------ INPUT DATA ------
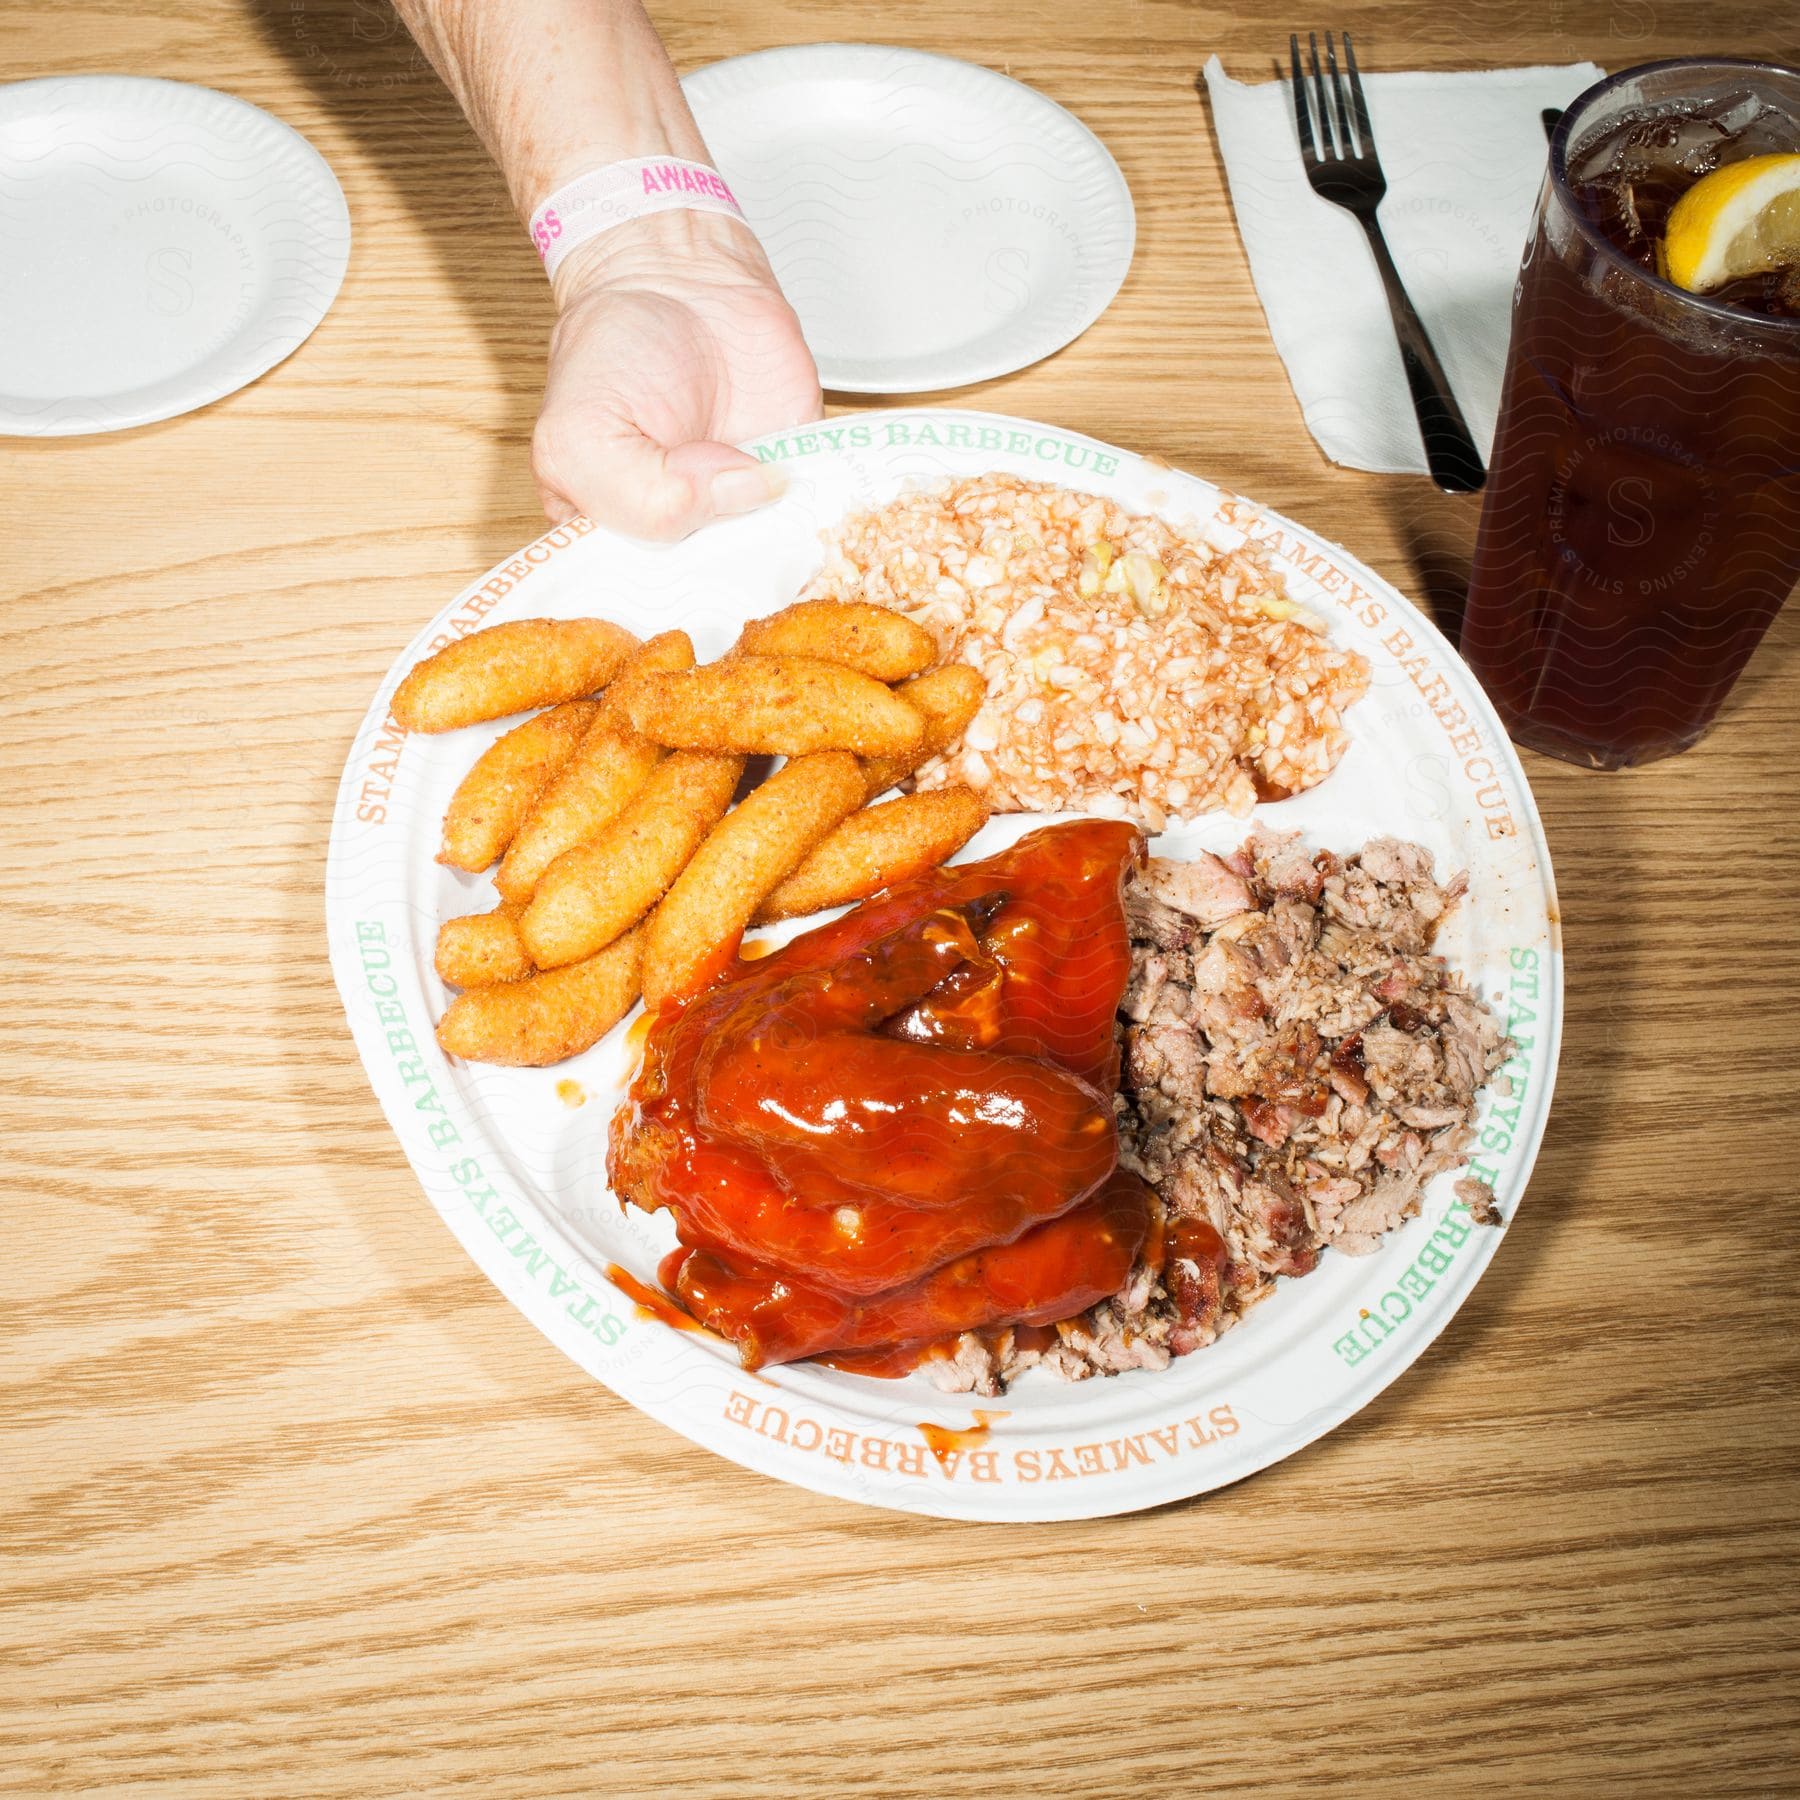 A hand serving a plate with a full hearty meal on a table
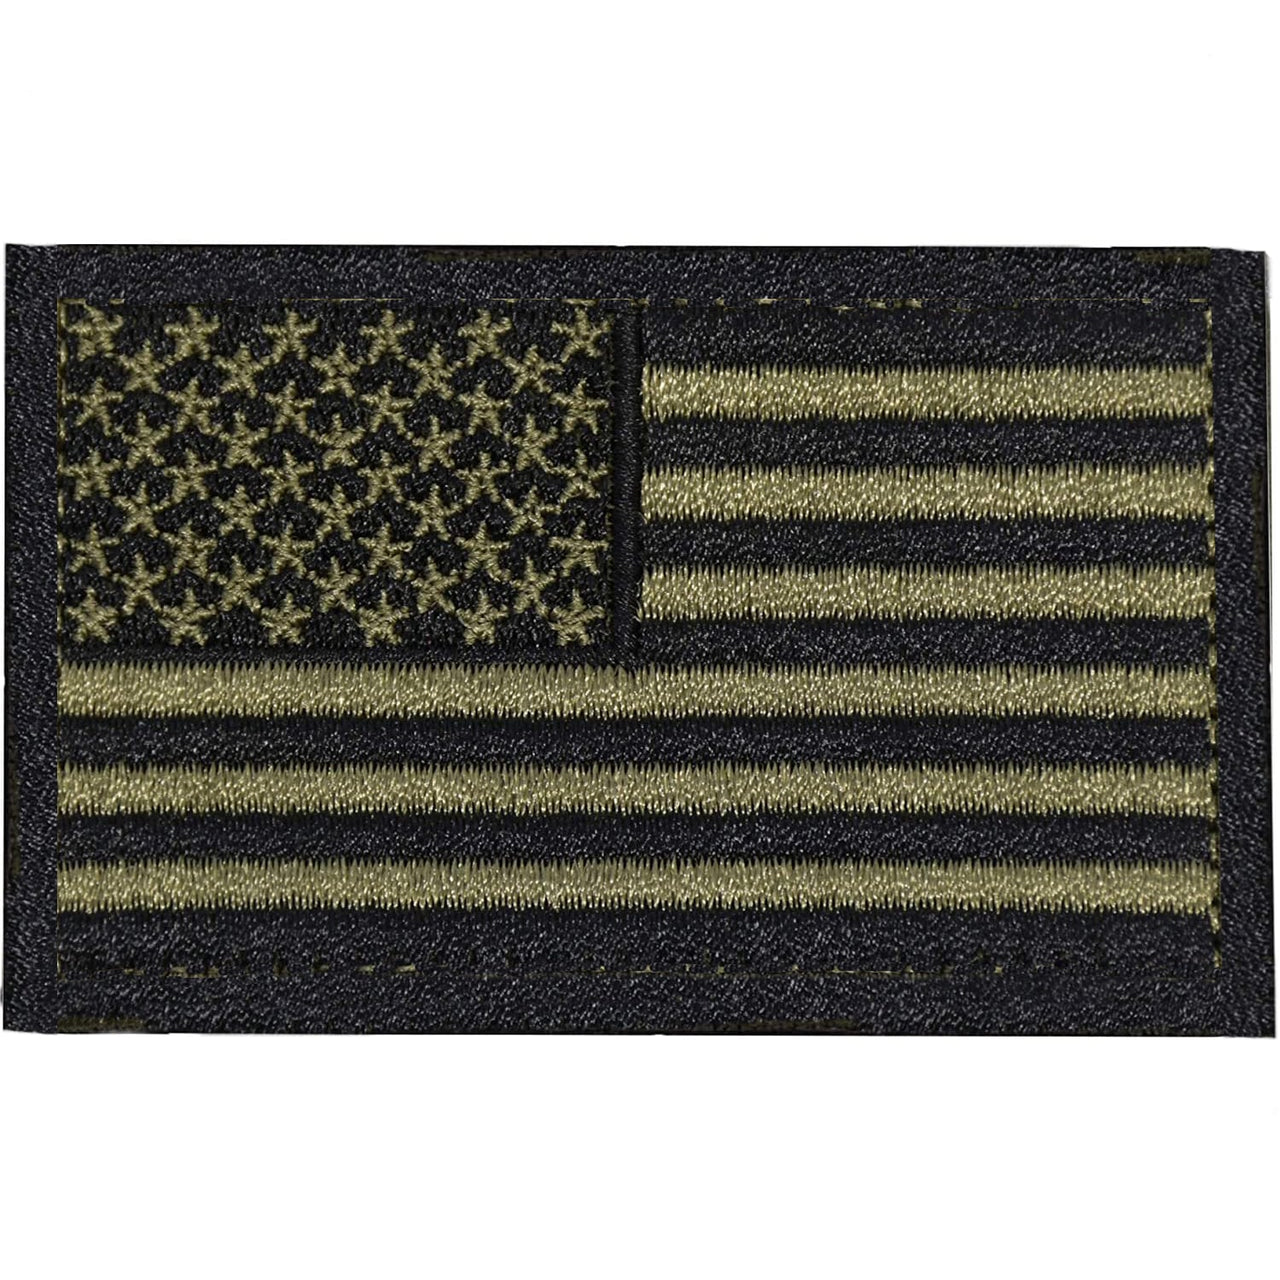 Black and Olive US Flag Patch
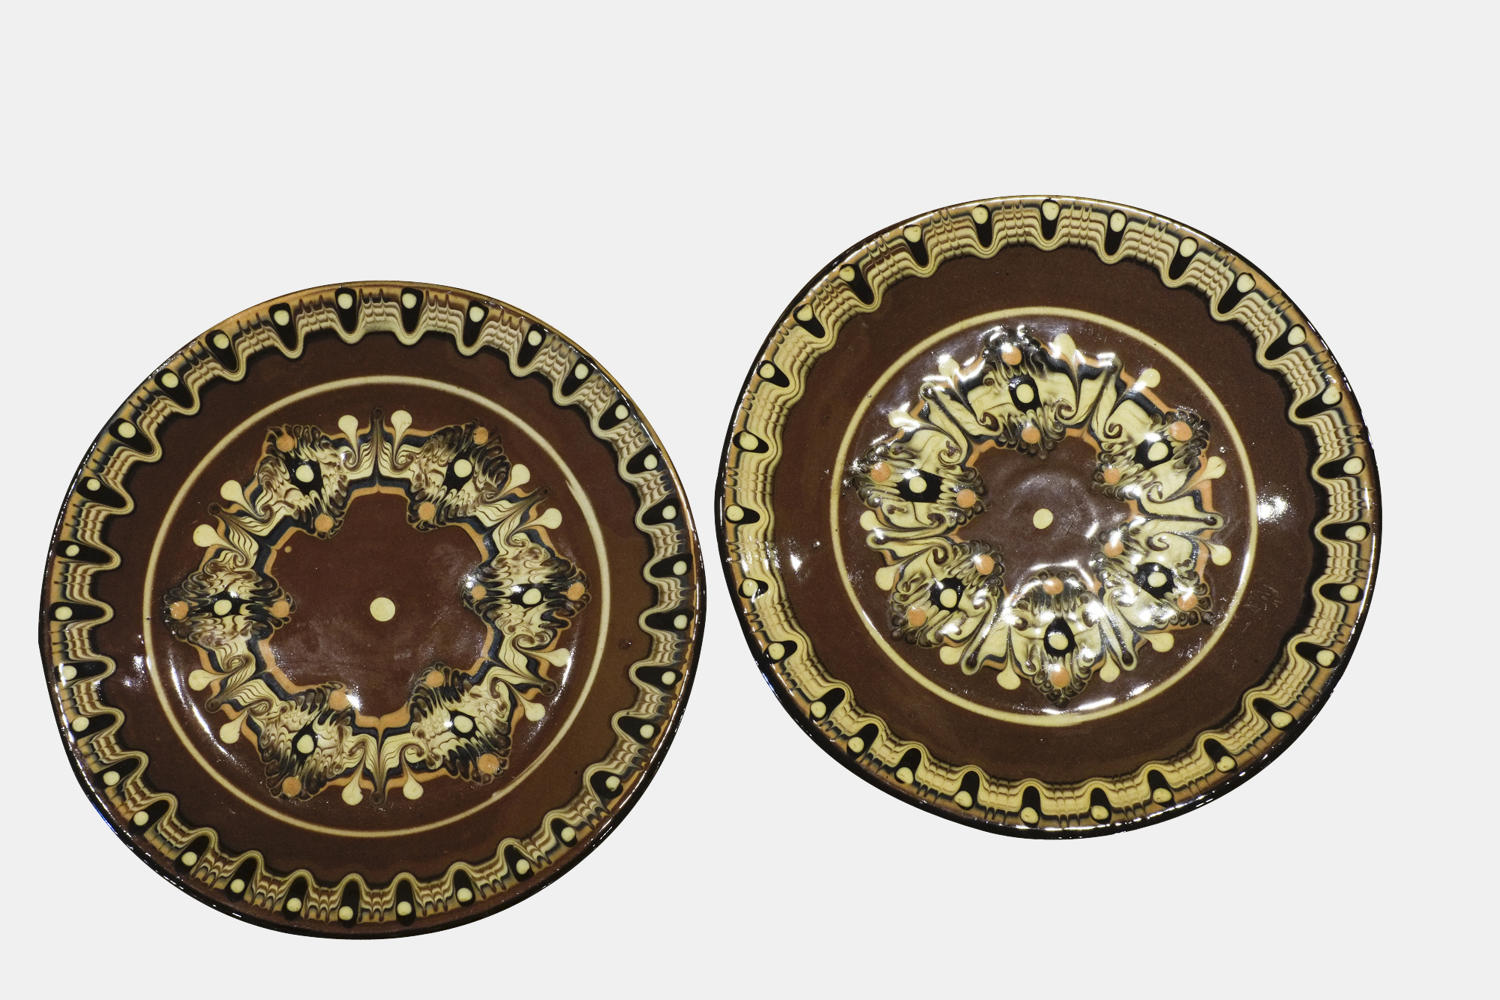 Pair of marbled plates
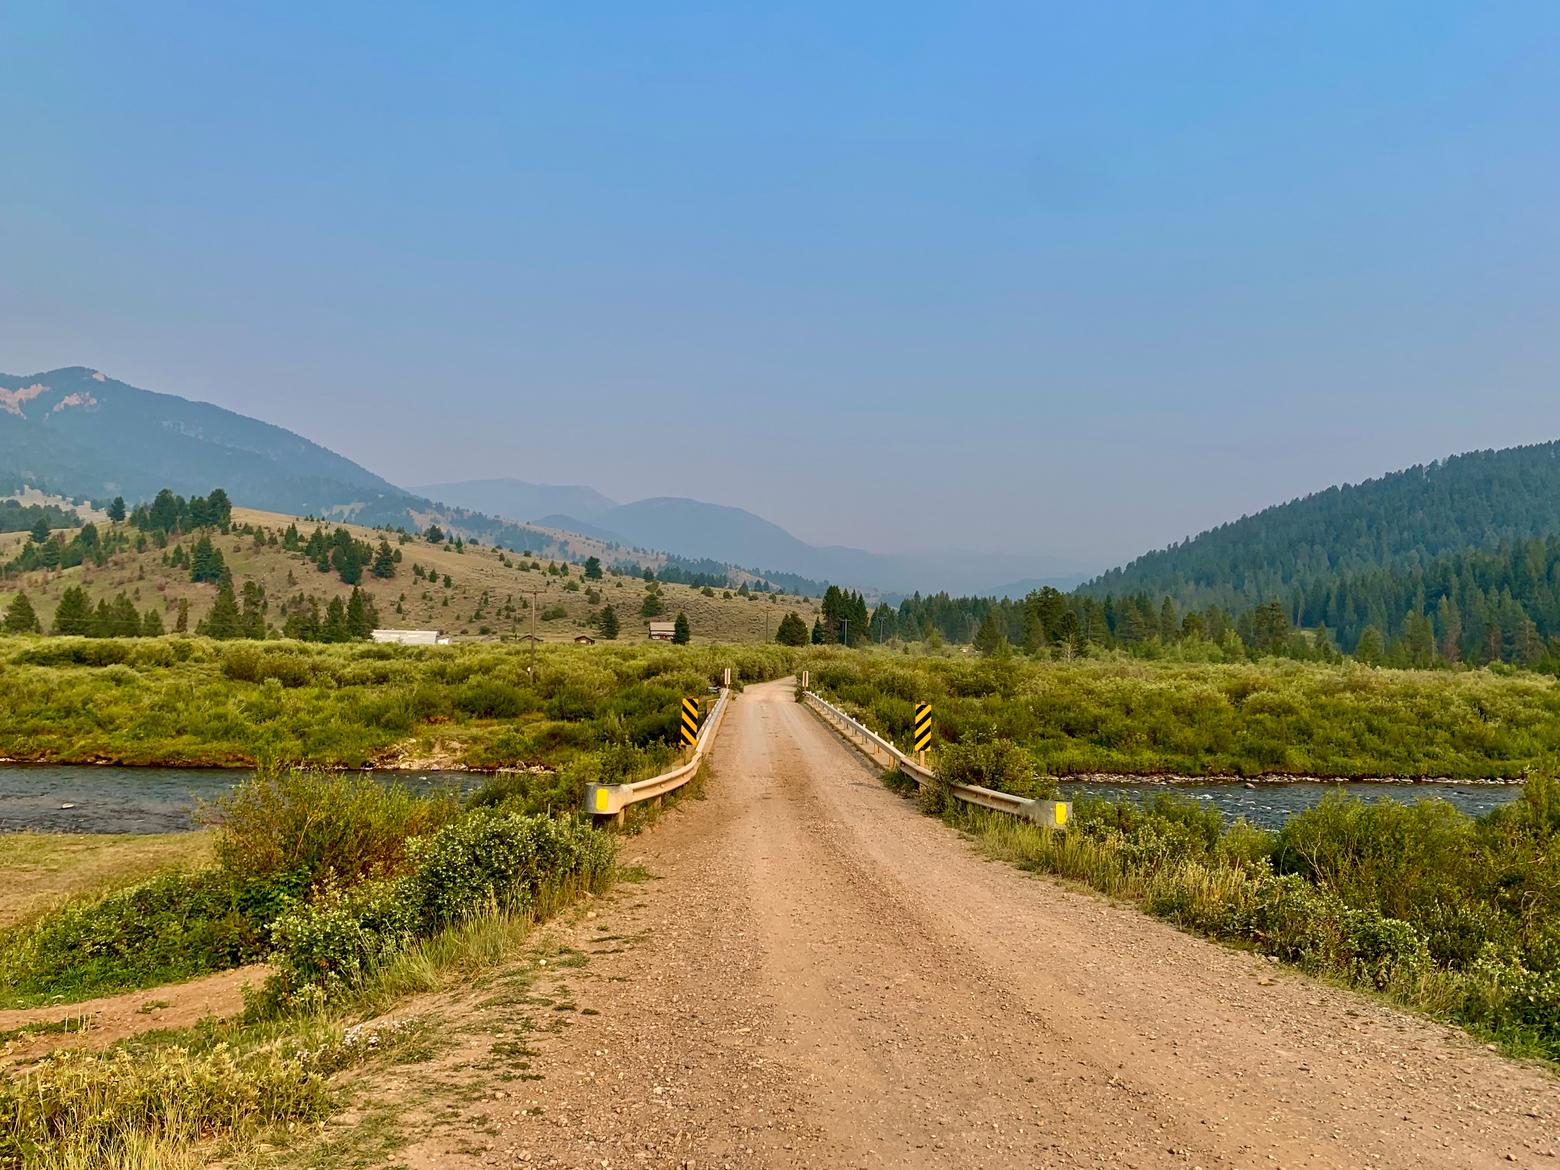 The dirt road passing over the Gallatin River south of Big Sky and gateway into the Porcupine Creek drainage, one of the most biologically-diverse corridors of the Gallatin Range. During the 1990s, developer Tim Blixseth parked a bulldozer in front of the Porcupine as a bold warning to conservation-minded citizens and the public—get him the land swap and cash he wanted for parcels he owned in the Porcupine or earthmoving equipment might roll. Gutkoski called out Blixseth's hardball maneuvering as crass and being out of step with Montana values. And he said conservationists need to be equally as vigilant in trying to protect areas like the Porcupine as those who want to exploit them for their own self-interests. "Wildlife can't advocate for itself. We need to give the animals a stronger voice," he said. Photo by Todd Wilkinson
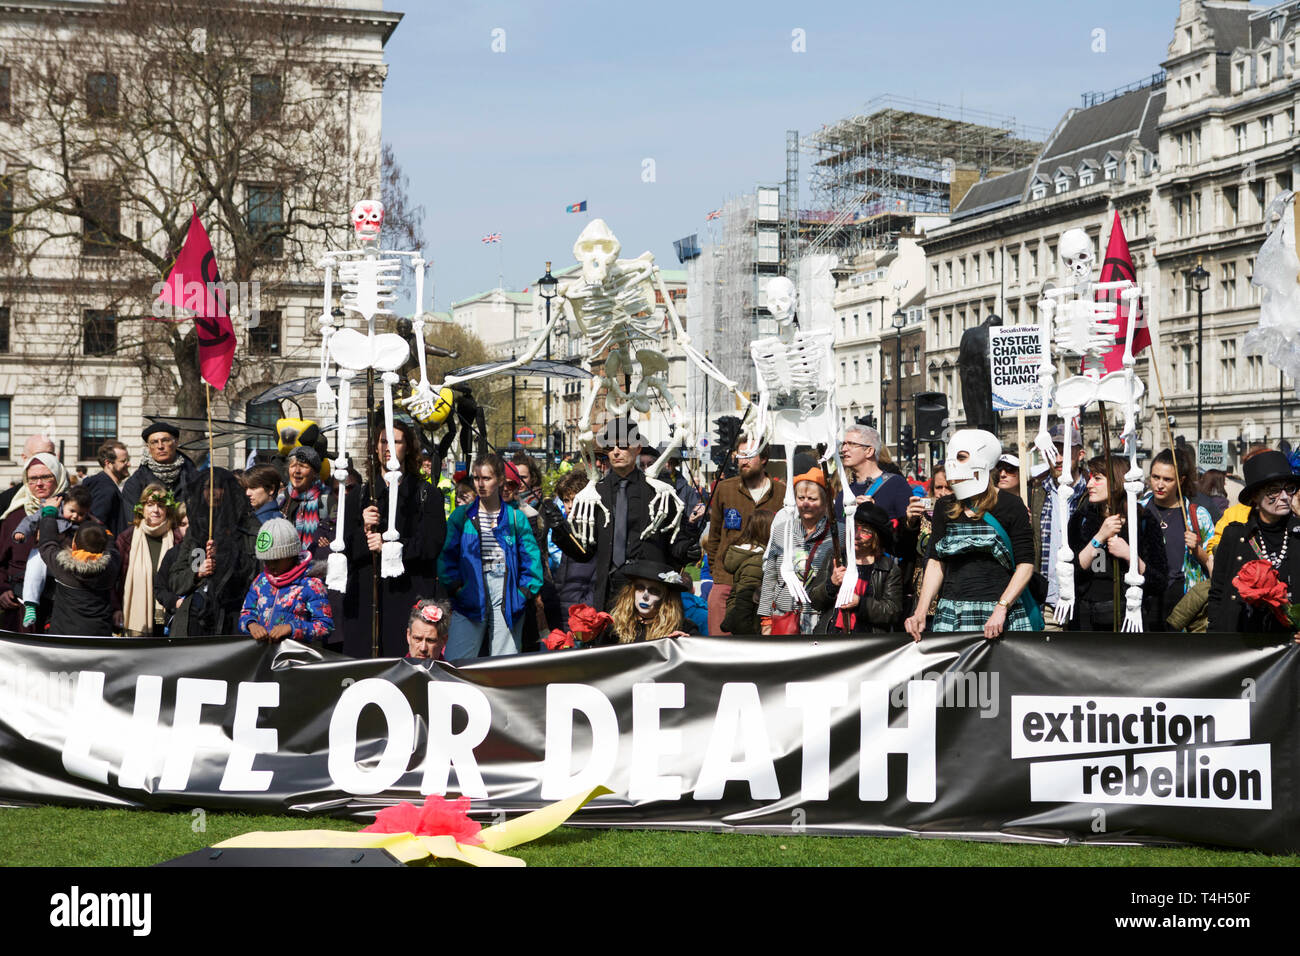 Protesting: Extinction Rebellion London - environmental protest activists - demanding governments take action against climate change. Stock Photo
------
#### [WHAT IS BEING ASKED]
When copying the records, reproduce every entry exactly and omit all pictures.

#### [OUTPUT OF THE EXERCISE]
 A hand serving a plate with a full hearty meal on a table
 Black and Olive US Flag Patch
 Pair of marbled plates
 The dirt road passing over the Gallatin River south of Big Sky and gateway into the Porcupine Creek drainage, one of the most biologically-diverse corridors of the Gallatin Range. During the 1990s, developer Tim Blixseth parked a bulldozer in front of the Porcupine as a bold warning to conservation-minded citizens and the public—get him the land swap and cash he wanted for parcels he owned in the Porcupine or earthmoving equipment might roll. Gutkoski called out Blixseth's hardball maneuvering as crass and being out of step with Montana values. And he said conservationists need to be equally as vigilant in trying to protect areas like the Porcupine as those who want to exploit them for their own self-interests. "Wildlife can't advocate for itself. We need to give the animals a stronger voice," he said. Photo by Todd Wilkinson
 Protesting: Extinction Rebellion London - environmental protest activists - demanding governments take action against climate change. Stock Photo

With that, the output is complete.